Math explains how the brain transitions for consciousness to subliminal perception

Summary: Network nodes that process conscious perception are built on top of the subliminal state, which represents the core of the network. A mathematical model suggests the subliminal state is the most robust part of the consciousness network.

Source: City College New York

Unique in its application of a mathematical model to understand how the brain transitions from consciousness to unconscious behavior, a study at The City College of New York’s Benjamin Levich Institute for Physico-Chemical Hydrodynamics may have just advanced neuroscience appreciably. The findings, surprisingly by physicists, suggest that the subliminal state is the most robust part of the conscious network and appear on the cover of the journal Neuroscience.

“It’s a big step forward in terms of analysis and investigation of the brain,” said City College Ph.D. student Francesca Arese Lucini of the research, entitled “How the Brain Transitions from Conscious to Subliminal Perception,” that she led. “A lot of companies and startups are now focused on understanding more on how (people) work by focusing a lot of energy and money on investigating the brain. This study will probably interest those entrepreneurs or researchers that will focus on artificial intelligence and human-computer interaction devices.”

Arese Lucini and a team of physicists analyzed functional MRI imaging of different subjects in order to obtain the corresponding brain activation. From the brain activation, they obtained functional networks for the conscious state and compared this network to the subliminal state for each fMRI stream.

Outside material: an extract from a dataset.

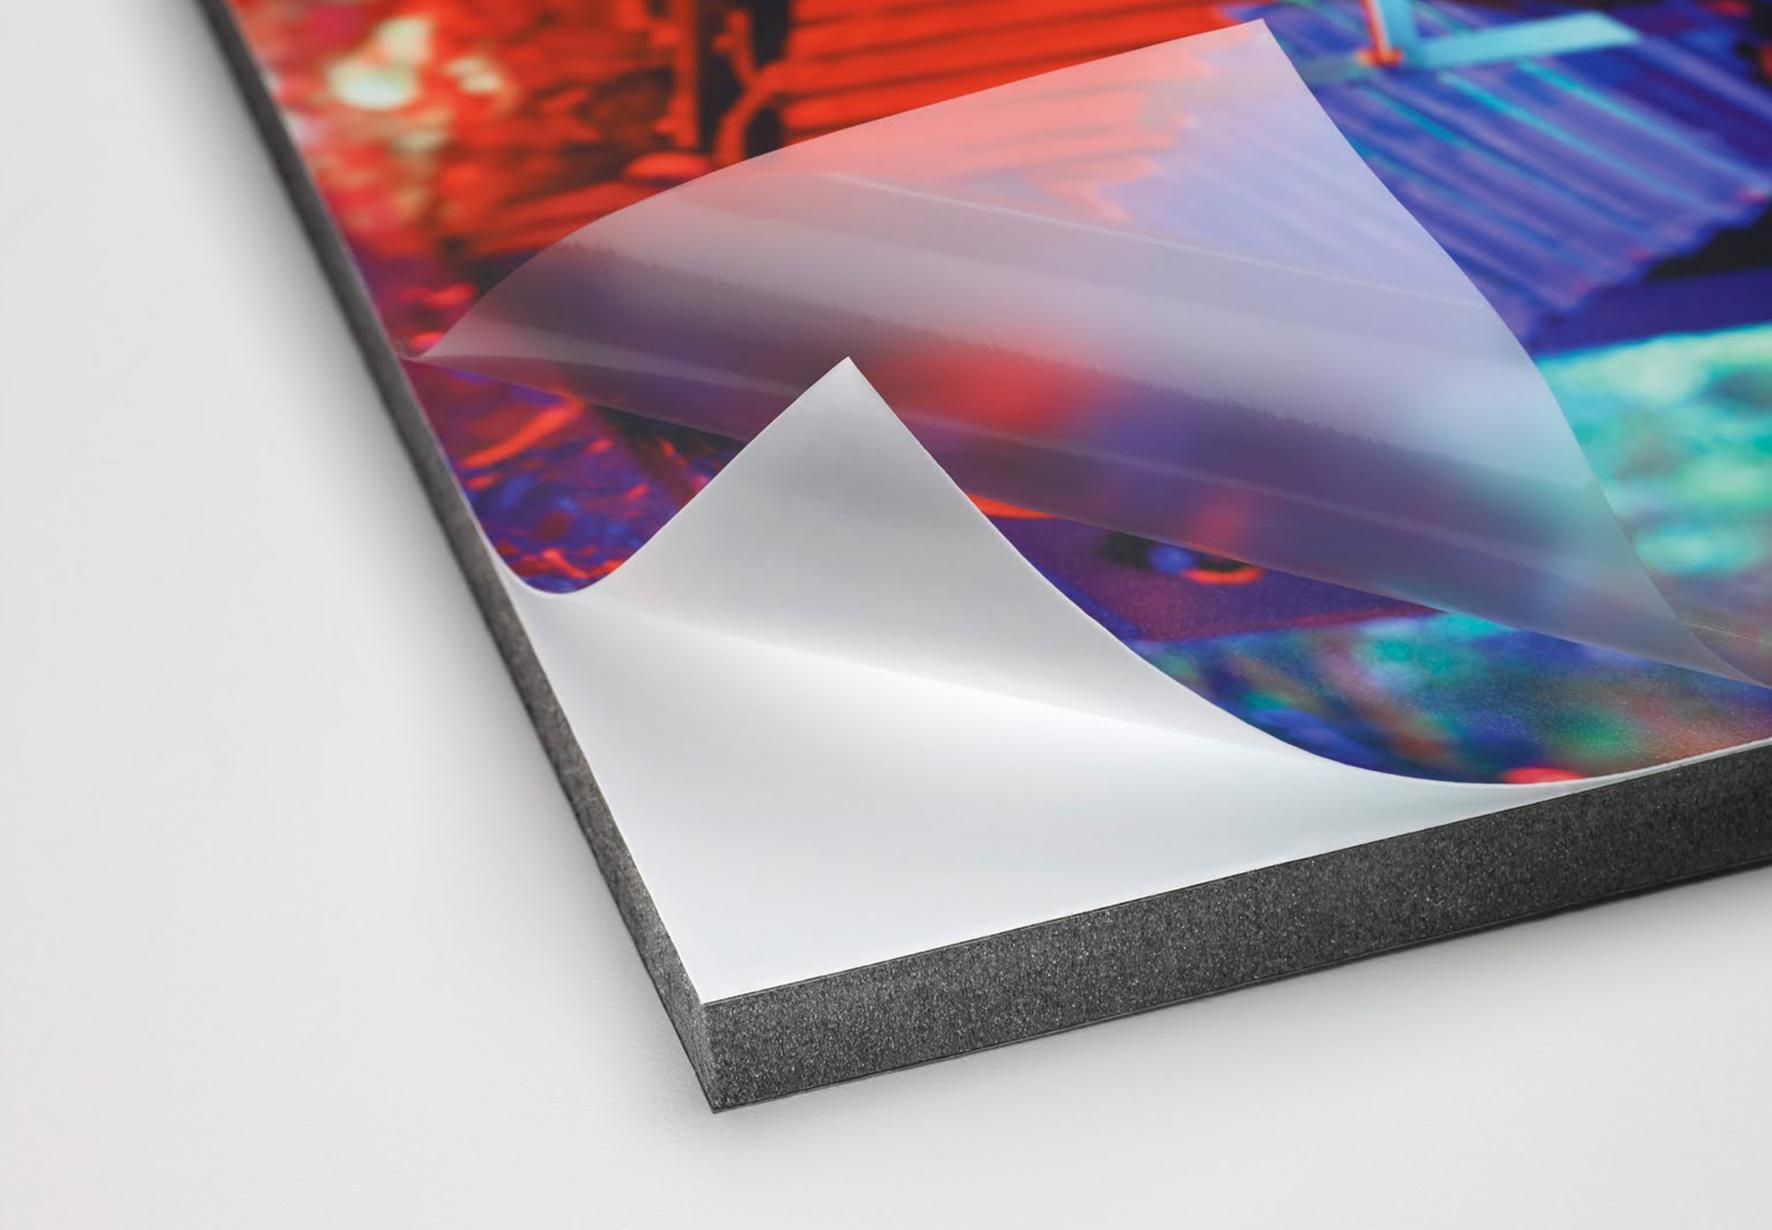 Ламинация фото на магнитном виниле

A reduction of the conscious network, by a k-core decomposition, left the k-core only, the maximal subgraph of nodes of the network with at least k neighbors. The k-core of the conscious state is reduced to three active regions of the brain, the fusiform gyrus (left and right) and the precentral gyrus. These regions are the only active in the subliminal state.

This shows a colorful head

A reduction of the conscious network, by a k-core decomposition, left the k-core only, the maximal subgraph of nodes of the network with at least k neighbors. The image is in the public domain.

“This implies that the k-core decomposition model could help identify in mathematical term what is the subliminal state of the brain and according to such model, the subliminal state, is identified as the most robust part of the conscious network,” observed Arese Lucini. “We can then postulate that the nodes of the network which are involved in the process of conscious perception are built on top of the subliminal state which represents the core of the network.”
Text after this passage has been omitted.